[[ Input data open ]]

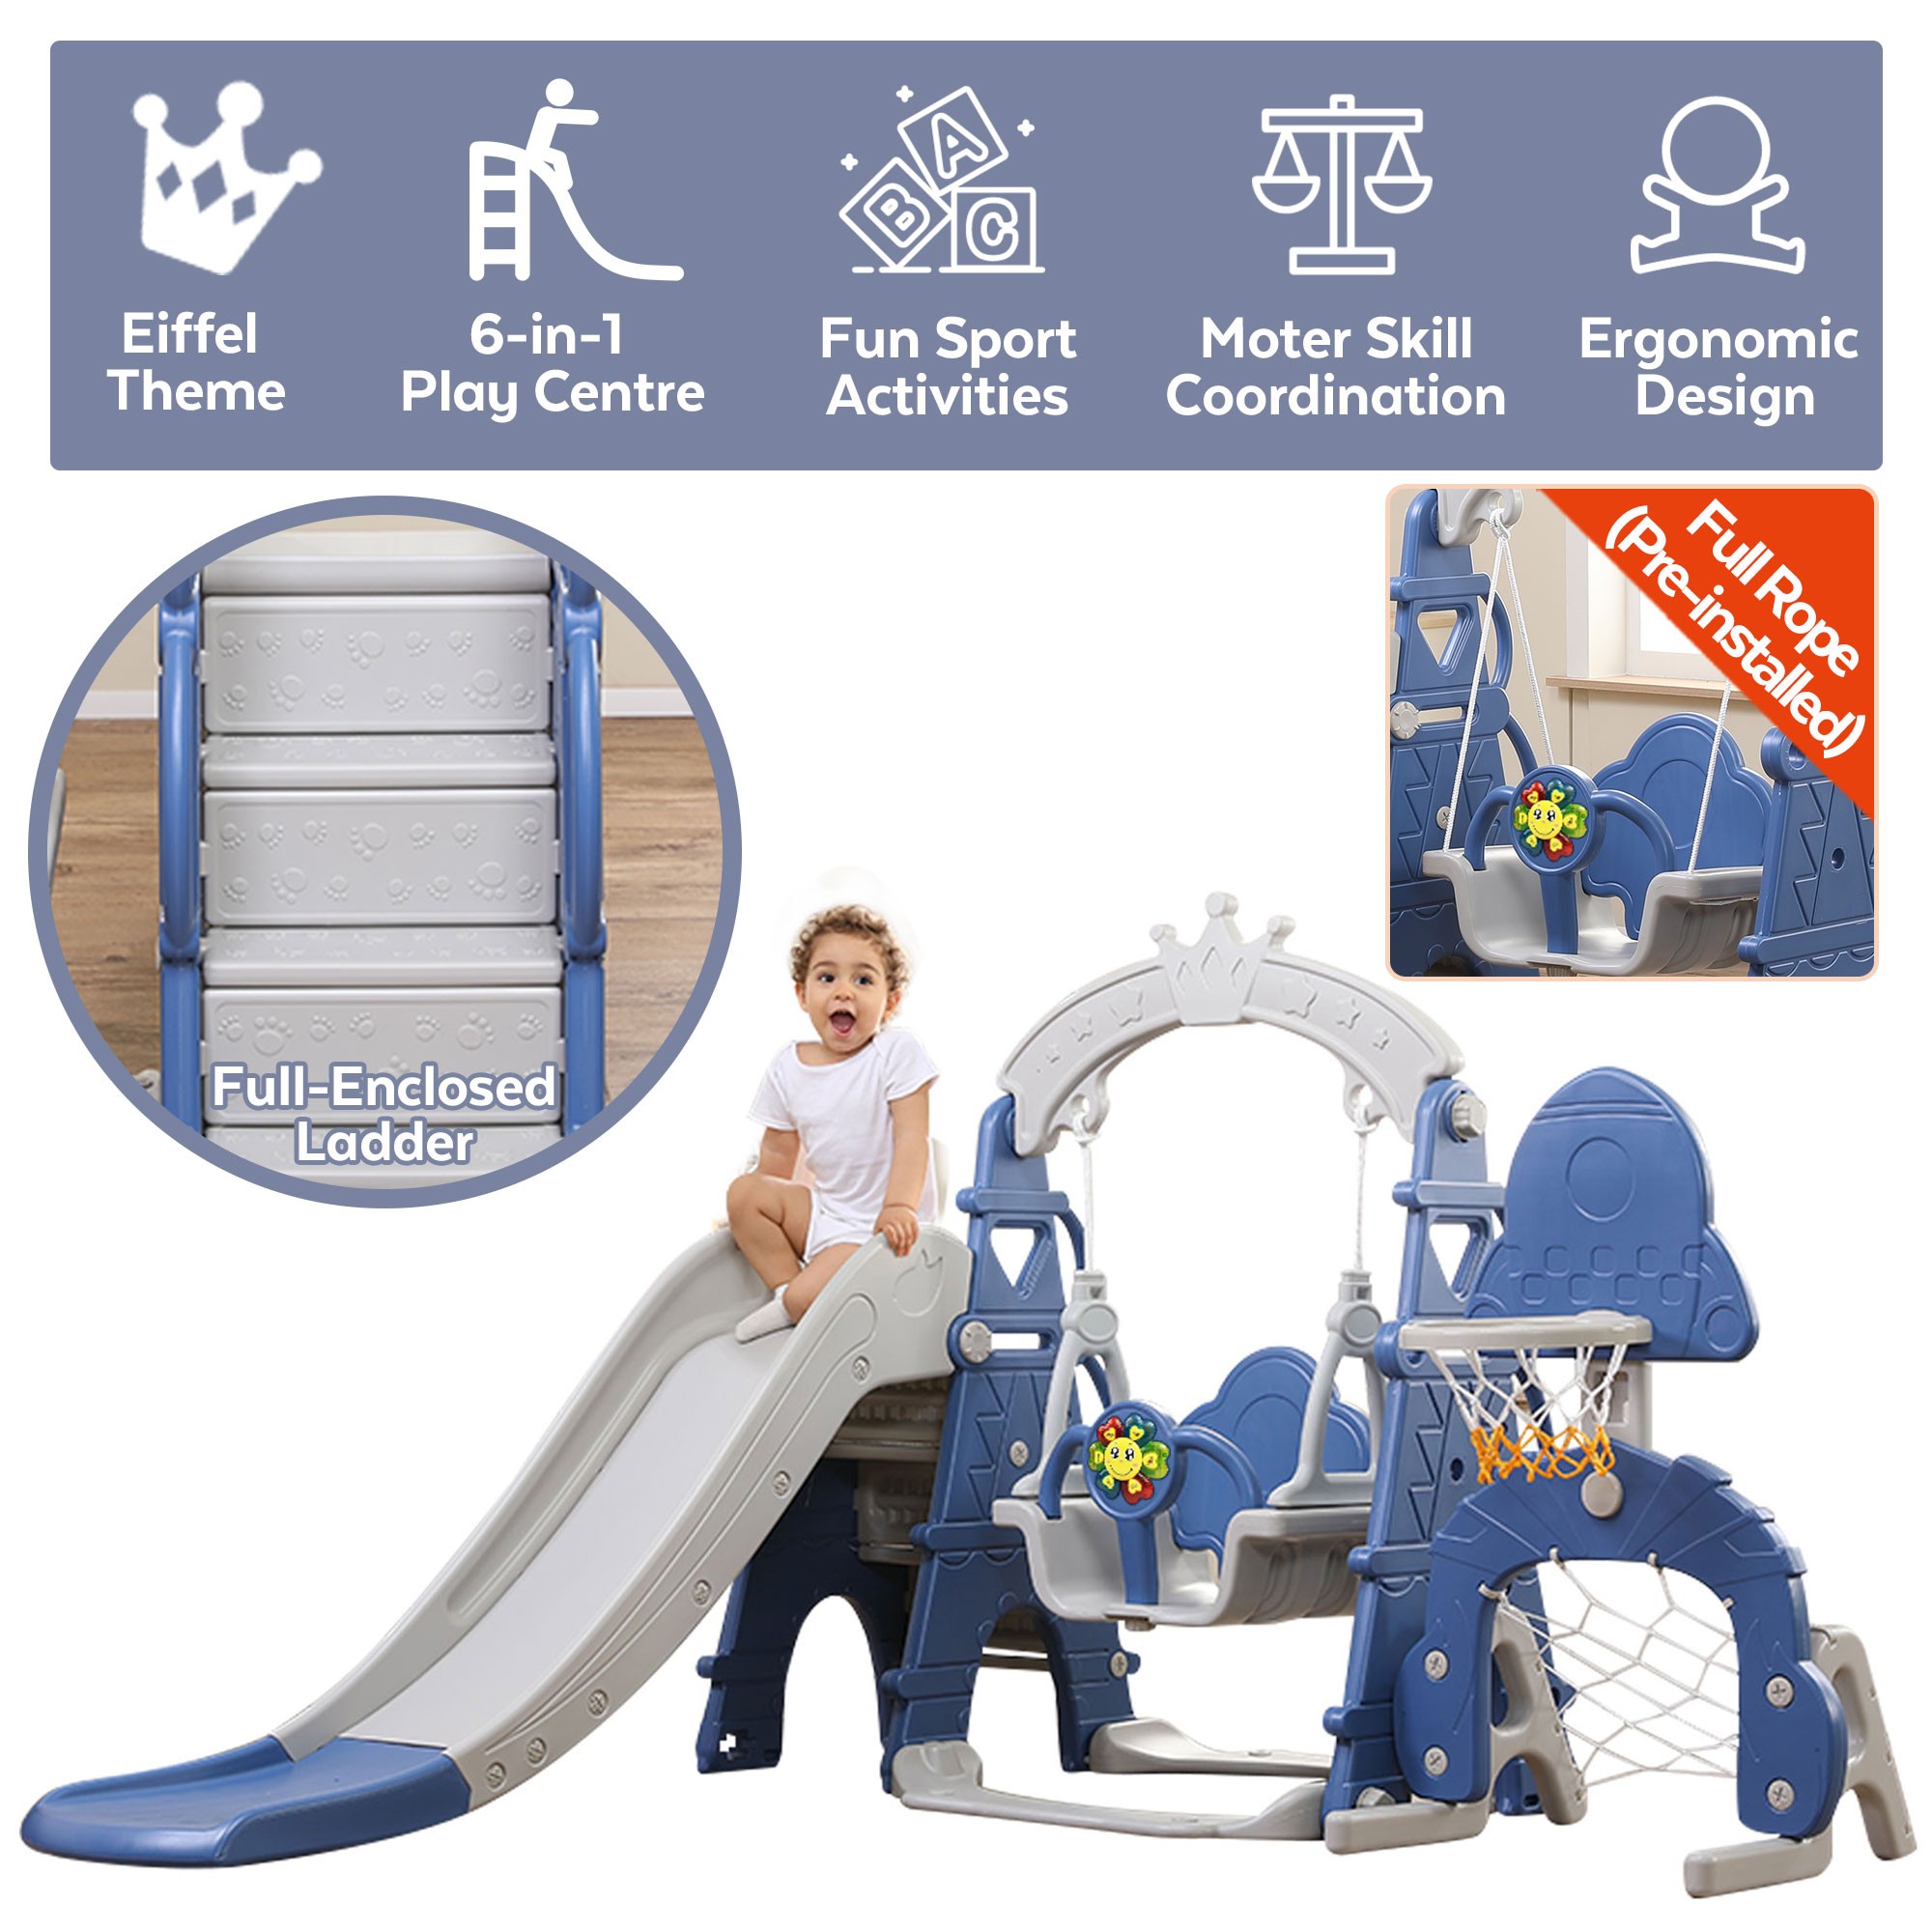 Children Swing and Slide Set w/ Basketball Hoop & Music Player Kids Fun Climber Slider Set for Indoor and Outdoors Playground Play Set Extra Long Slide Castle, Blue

[[ Input data closed ]]
[[ Input data open ]]

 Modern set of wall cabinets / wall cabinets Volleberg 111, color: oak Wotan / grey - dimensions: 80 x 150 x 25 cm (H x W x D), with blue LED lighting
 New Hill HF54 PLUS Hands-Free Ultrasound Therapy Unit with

[[ Input data closed ]]

Aim of the exercise>
Throughout the material above, find lines holding the word "with", then copy them.

Response area>
 Modern set of wall cabinets / wall cabinets Volleberg 111, color: oak Wotan / grey - dimensions: 80 x 150 x 25 cm (H x W x D), with blue LED lighting
 New Hill HF54 PLUS Hands-Free Ultrasound Therapy Unit with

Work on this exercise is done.